The Surreal World of Schiaparelli Comes to Life at the V&A’s Stunning New Exhibition

Photo: Courtesy of V&A / James Reteif / Nebbia Works

The V&A is celebrating the most influential designer you may never have heard of, with 400 objects including garments, accessories, paintings, photographs and more.

Within fashion circles, Elsa Schiaparelli is a legend and a heavyweight – an entrepreneurial renegade who walked so Miuccia Prada and Alexander McQueen could run. But on the average high street, her name would probably draw a blank. Despite her legacy, she is still less well-known than, say, her contemporary and alleged rival Coco Chanel. (That Schiaparelli’s brand was shuttered from 1954 until 2013 has played its part.) Now the V&A is attempting to correct that with the launch of the UK’s first exhibition dedicated to the Italian designer.

The showcase, Schiaparelli: Fashion Becomes Art, aims to celebrate not only her surrealist designs (she was the first designer to collaborate with artists, most famously Salvador Dalí), but also her extraordinary life. Schiaparelli was born to a wealthy family in Rome in 1890 but, keen to resist her parents’ plan to marry her off to a Russian aristocrat, moved to London. There she became engaged to a Swiss lecturer within 24 hours of meeting him; they married soon after. The newlyweds moved to Nice, then to New York, where they had a baby, Maria Louisa, nicknamed Gogo. Her husband, however, turned out not to be who he claimed and Schiaparelli eventually left him. (The last straw apparently came when he took the couple’s mink bedspread to a tailor and asked for it to be remade as his coat lining.)

Now a single mother, Schiaparelli moved back to Paris almost destitute. Chance meetings enabled her to step inside the art world, where she crossed paths with Dalí, Man Ray and Jean Cocteau, all of whom she would go on to collaborate with. Together, they created some of the most recognisable, original works in fashion: a dress adorned with a vivid lobster print; one covered with tears; a hat made in the shape of a shoe.

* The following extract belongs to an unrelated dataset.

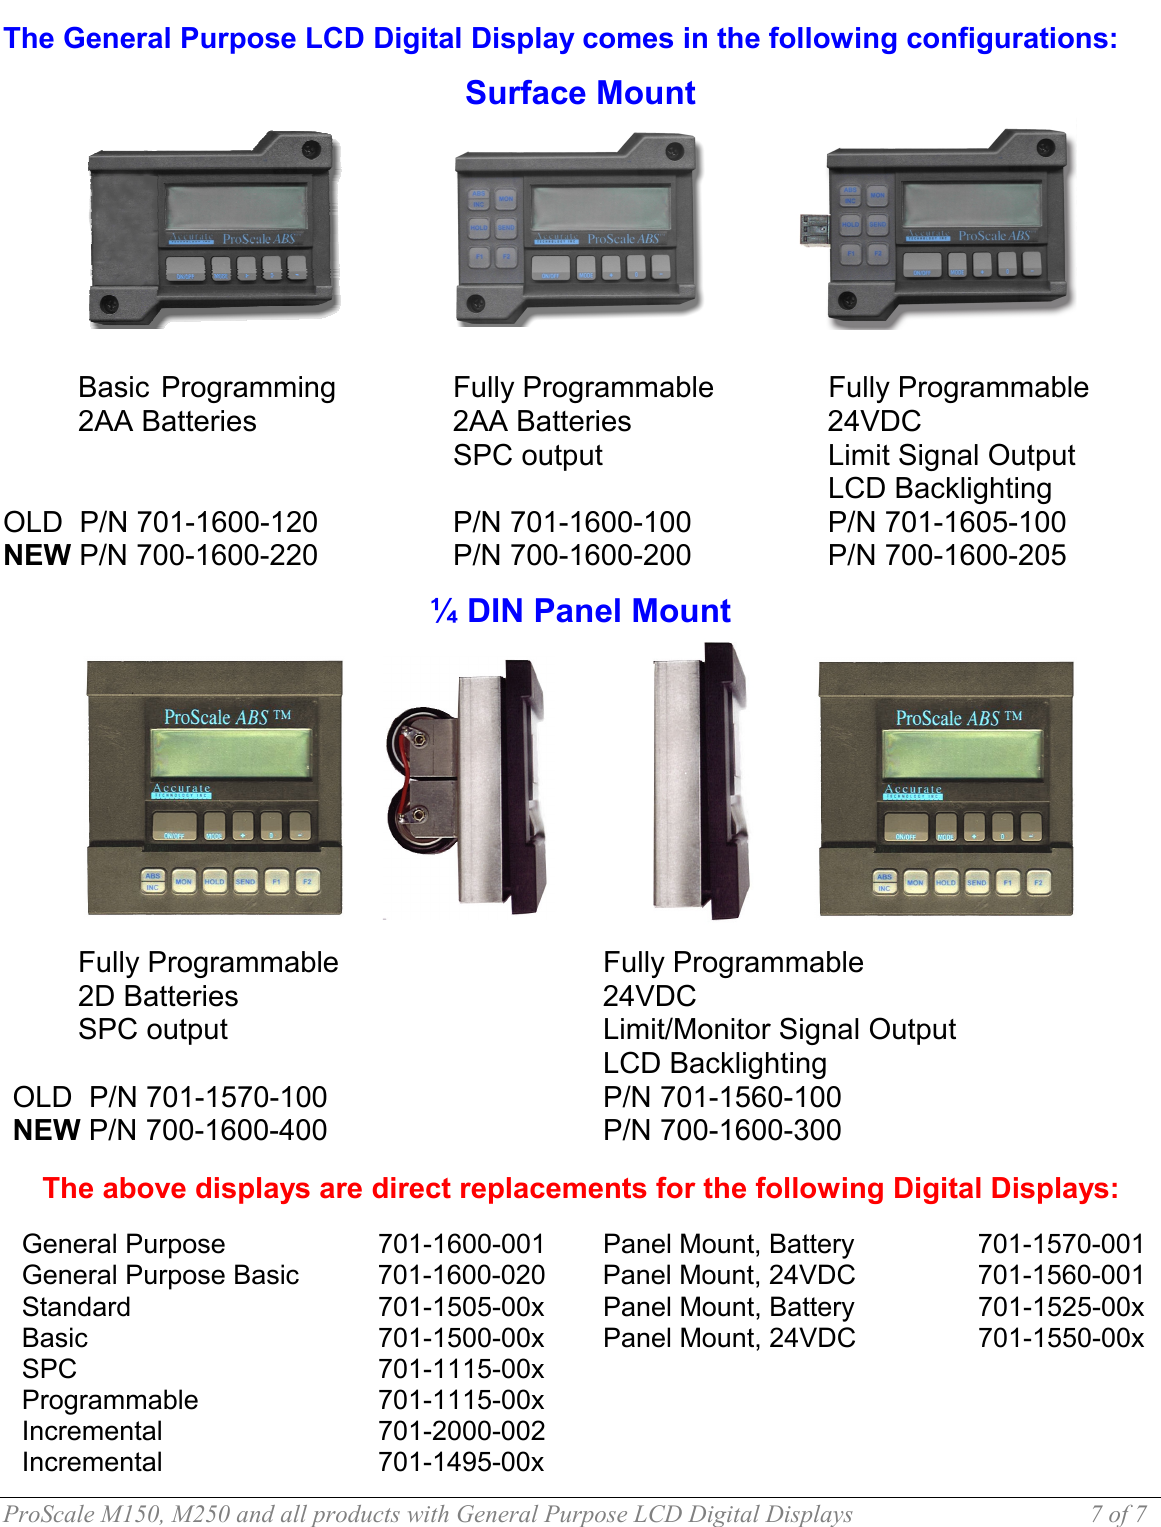  ProScale M150, M250 and all products with General Purpose LCD Digital Displays  7 of 7 The General Purpose LCD Digital Display comes in the following configurations:  Surface Mount          Basic  Programming    Fully Programmable    Fully Programmable 2AA Batteries    2AA Batteries   24VDC      SPC output    Limit Signal Output           LCD Backlighting OLD  P/N 701-1600-120   P/N 701-1600-100    P/N 701-1605-100  NEW P/N 700-1600-220   P/N 700-1600-200    P/N 700-1600-205   ¼ DIN Panel Mount              Fully Programmable    Fully Programmable 2D Batteries     24VDC SPC output      Limit/Monitor Signal Output        LCD Backlighting OLD  P/N 701-1570-100    P/N 701-1560-100      NEW P/N 700-1600-400    P/N 700-1600-300       The above displays are direct replacements for the following Digital Displays:  General Purpose     701-1600-001  Panel Mount, Battery    701-1570-001 General Purpose Basic   701-1600-020  Panel Mount, 24VDC    701-1560-001 Standard    701-1505-00x Panel Mount, Battery   701-1525-00x Basic    701-1500-00x Panel Mount, 24VDC   701-1550-00x SPC     701-1115-00x Programmable   701-1115-00x Incremental   701-2000-002    Incremental    701-1495-00x

Another design consisted of a lamb chop carefully placed above the head. “She wasn’t just someone borrowing motifs from artists; she really contributed to the surrealist movement at that time,” says Lydia Caston, one of three curators to have worked on the exhibition. “We’re also excited about showing her story as a female entrepreneur, someone who has, as she said, always ‘dared to be different’.”

Schiaparelli is best known for her avant-garde designs, but the V&A presents her as the paradox she was – a woman who loved experimentation but who, with a daughter to support, could also be fiercely commercially minded. The exhibition features more than 200 objects, including garments, accessories, jewellery, paintings and photographs. “She also created wearable but still quite disobedient fashion,” Caston explains. “There was always one subversive detail, whether it was glove fingertips that looked like claws or buttons that resembled insects.”

Much has been made of the supposed feuding between Schiaparelli and Chanel. Justine Picardie, fashion biographer and author of Coco Chanel: The Legend and the Life, says that her extensive research has found nothing to prove the two disliked each other. “They were set up as rivals,” she says. “It’s a bit of a cliche, isn’t it? Women are somehow forced into that position. I like to think that they would have respected one another.”

Although their work differs wildly, “both have such clear ideas of their aesthetic, artistic purpose and intent”, says Picardie. “To be working at a time when women didn’t even have the vote in France … It’s just extraordinary what they achieved.”

The fashion landscape today owes much to Schiaparelli. John Galliano’s famed newspaper dress, worn by Carrie Bradshaw on Sex and the City in 1998, has roots in her 1935 print. She used the form of a woman’s torso in a perfume bottle long before Jean Paul Gaultier did, and her shocking, statement-making clothes feel like forebears to the work of Alexander McQueen. She also, like Miuccia Prada, recontextualised conventionally ugly objects or visuals (a lobster, torn flesh) by turning them into couture. “She perpetuated the idea that you didn't have to dress for men,” says Picardie. “You could dress both to please yourself or to make a statement.”

Today, her work feels more relevant than ever. Under the tenure of Daniel Roseberry since 2019, the brand has become a red-carpet favourite and critical hit. Gabriela Gheorghe, who runs the popular Instagram account @schiaparelli.archive, says her biggest demographics are those aged from 25 to 34 and 18 to 24. “Her work is bound up in authenticity and fierceness,” she says. “In an industry dominated by homogenised aesthetics … her vision offers a compelling sense of individuality.”

Schiaparelli: Fashion Becomes Art is at the V&A from March 28 until November 1.